There are some old authorities that say that the costs of an adjournment should be borne by the party obtaining it: Lydall v Martinson (1877) 5 Ch D 780 at 781 but this was said to be an exceptional case in Sullivan v Harris (1901) 3 WALR 86 at 88.
The nearest case analogous to the current situation where it could be said that the adjournment was occasioned through no fault of either party are those cases in this Court when parties arrive with counsel and witnesses ready to commence their trial and the Court is unable to provide a judge because of its policy of double listing in its civil jurisdiction.
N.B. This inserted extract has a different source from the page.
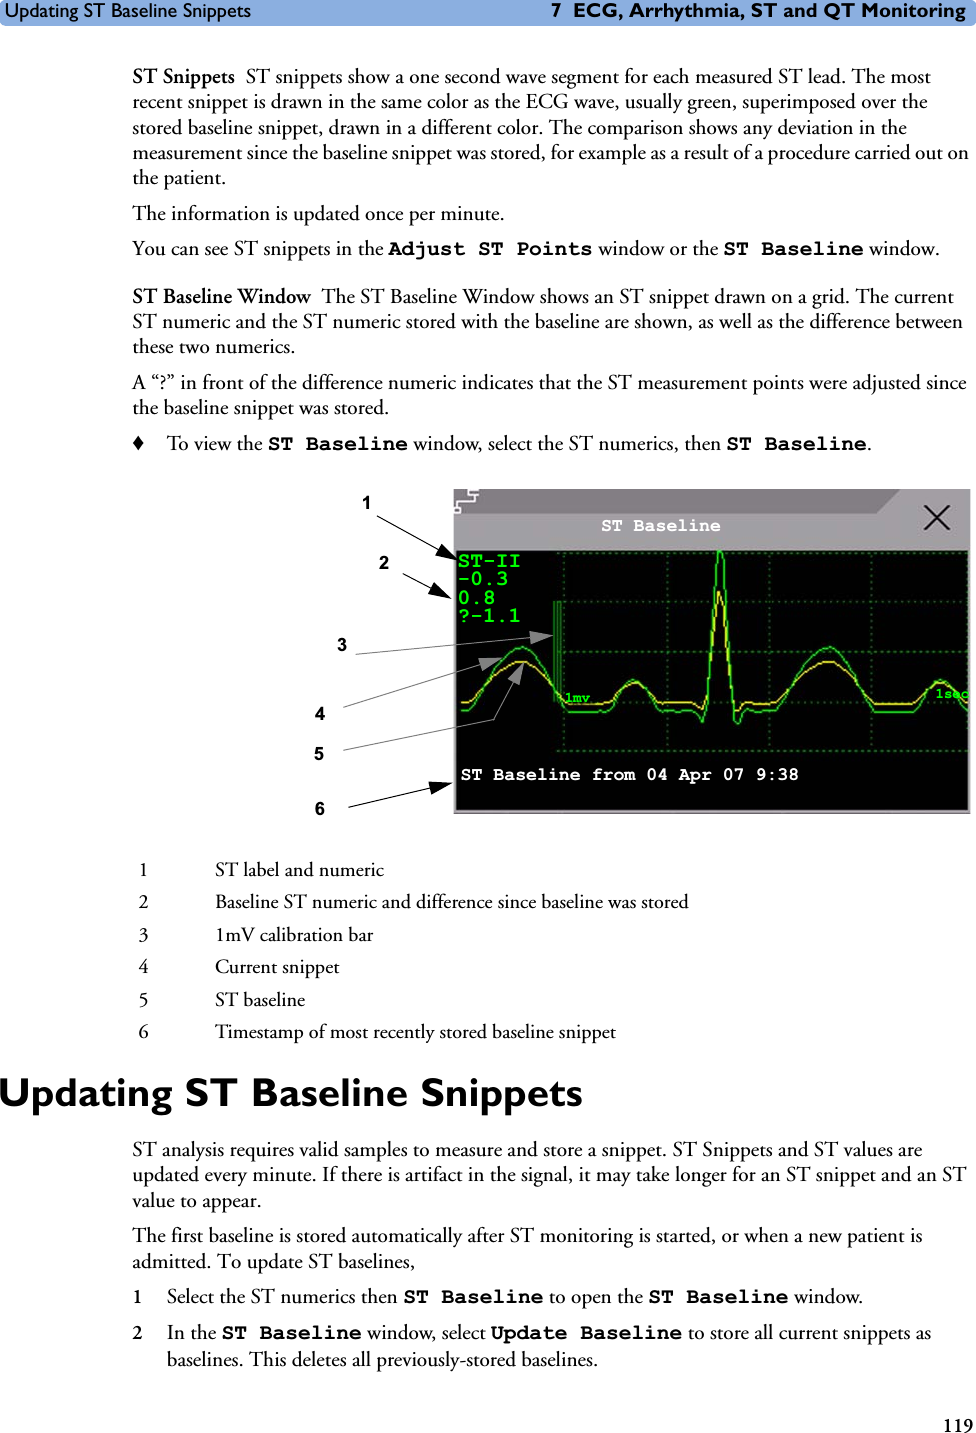 Updating ST Baseline Snippets 7 ECG, Arrhythmia, ST and QT Monitoring119ST Snippets ST snippets show a one second wave segment for each measured ST lead. The most recent snippet is drawn in the same color as the ECG wave, usually green, superimposed over the stored baseline snippet, drawn in a different color. The comparison shows any deviation in the measurement since the baseline snippet was stored, for example as a result of a procedure carried out on the patient.The information is updated once per minute. You can see ST snippets in the Adjust ST Points window or the ST Baseline window. ST Baseline Window The ST Baseline Window shows an ST snippet drawn on a grid. The current ST numeric and the ST numeric stored with the baseline are shown, as well as the difference between these two numerics. A “?” in front of the difference numeric indicates that the ST measurement points were adjusted since the baseline snippet was stored. ♦To vie w th e ST Baseline window, select the ST numerics, then ST Baseline.Updating ST Baseline SnippetsST analysis requires valid samples to measure and store a snippet. ST Snippets and ST values are updated every minute. If there is artifact in the signal, it may take longer for an ST snippet and an ST value to appear. The first baseline is stored automatically after ST monitoring is started, or when a new patient is admitted. To update ST baselines,1Select the ST numerics then ST Baseline to open the ST Baseline window. 2In the ST Baseline window, select Update Baseline to store all current snippets as baselines. This deletes all previously-stored baselines.1 ST label and numeric2 Baseline ST numeric and difference since baseline was stored3 1mV calibration bar4Current snippet5ST baseline6 Timestamp of most recently stored baseline snippet1ST Baseline from 04 Apr 07 9:386 ST Baseline3452ST-II-0.30.8?-1.11mv 1sec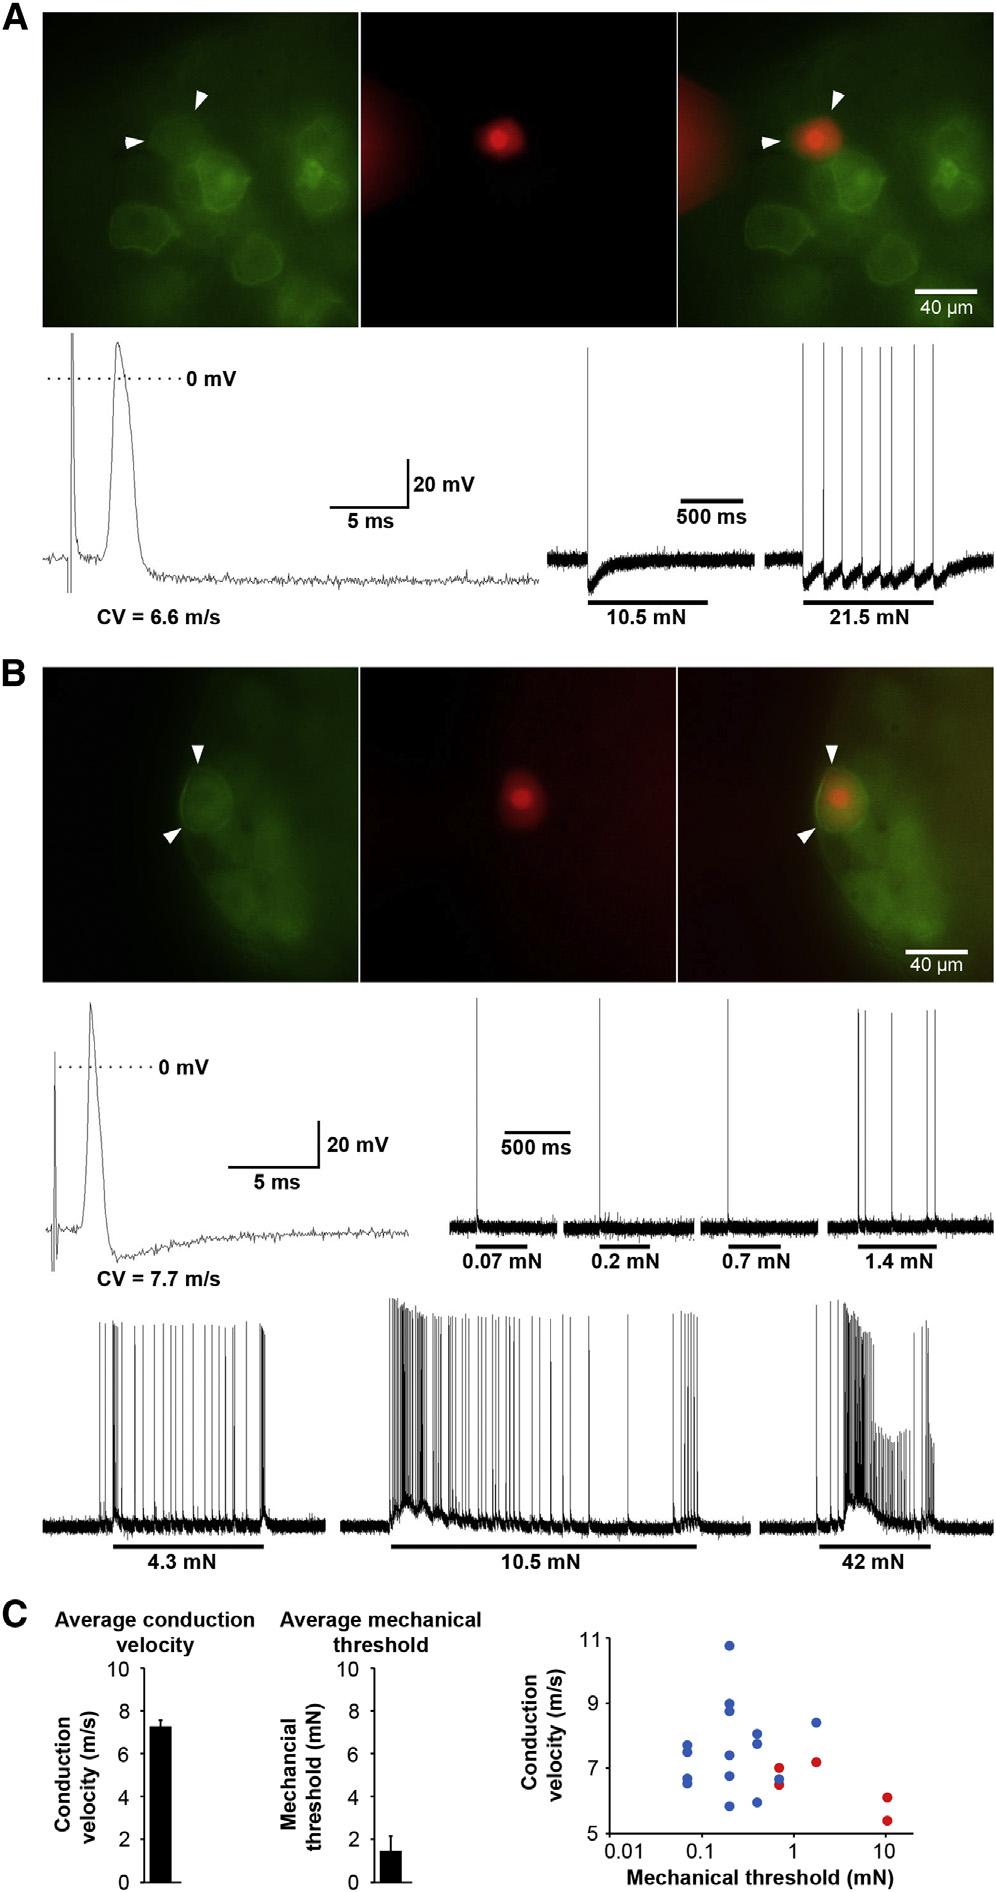 Figure 6. DORGFP-Expressing DRG Neurons Are Mechanosensitive and Include High- and Low-Threshold Ad Mechanonociceptors (A) The conduction velocity (CV, 6.

In those cases the costs of and occasioned by the adjournment were dealt with as costs in the cause and an unsuccessful party accordingly bore the brunt of the costs of the adjournment. Another analogous situation is where a superior court orders a re‑trial by reason of an error of law of the judge or where there was an apprehension of bias for example, as was the case in Giustiniano Nominees Pty Ltd v The Minister for Works & Ors, unreported; FCt SCt of WA; Library No 950661; 1 December 1995 where the court said:
"The normal rule in a case where a retrial is ordered is that the costs of the original trial should be costs in the cause on the retrial, that is to say, they should be paid by the party who is eventually unsuccessful. Nevertheless, the matter remains one of discretion."
In this case I have come to the view that there is insufficient material before me to enable me to make a decision which would do justice to both parties, and a decision as to who bears the costs of the adjournment should be left until after the trial when the merits of the matter may be better understood. I will accordingly order that the costs of and occasioned by the trial be reserved to the trial Judge.